How to start an online business for $100

Is now the right moment to put your long-lingering business idea into practice?

Today's economy isn't doing anyone any favors, and if you're one of the unfortunate folks to have been served a layoff notice, you might be facing a long haul when it comes to searching for another job. Is now the right moment to put your long-lingering business idea into practice? While times may be tight for many larger enterprises, in many cases smaller, more-nimble companies are better able to withstand market uncertainty and weather downturns.

The best way to stick it to The Man? Start working for yourself by founding your own company. Working for yourself has some serious and obvious advantages over job hunting. Not only do you determine your own hours and decide where you set up your office, but you keep all the profits too.

Starting your own business doesn't have to mean spending thousands of dollars on setup costs before you ever open your doors. Don't get suckered into spending loads of money on services that you don't need or that have far cheaper alternatives. Seriously: With $100, you can obtain everything you require to start just about any business online, with only minimal need to get up from your desk. Here's how to do it.

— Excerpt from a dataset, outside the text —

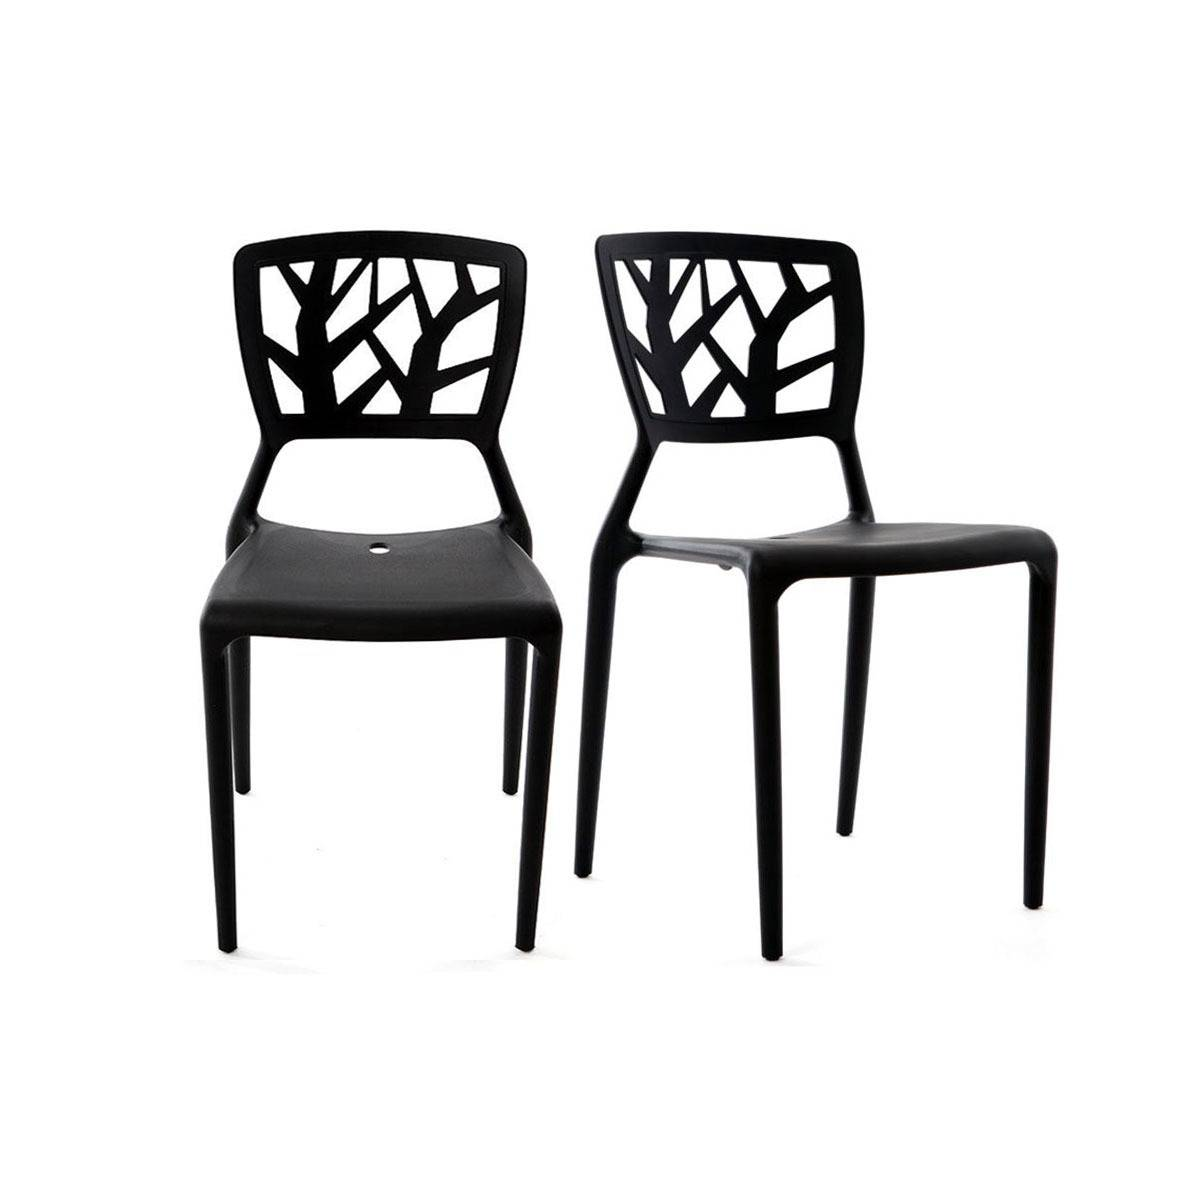 Miliboo Chaises design noires empilables intérieur / extérieur (lot de 2) KATIA

Find an Affordable Web Host

The Web site for your new business has to reside somewhere. How do you pick a Web host that won't leave you high and dry?

Most hosting plans for small companies offer similar features: basically unlimited storage space, support for common databases and publishing systems, and anywhere from a few gigabytes to 2 terabytes of data transfer per month. Expect to pay between $US5 and $15 a month for the service, with a one- or two-year up-front contract.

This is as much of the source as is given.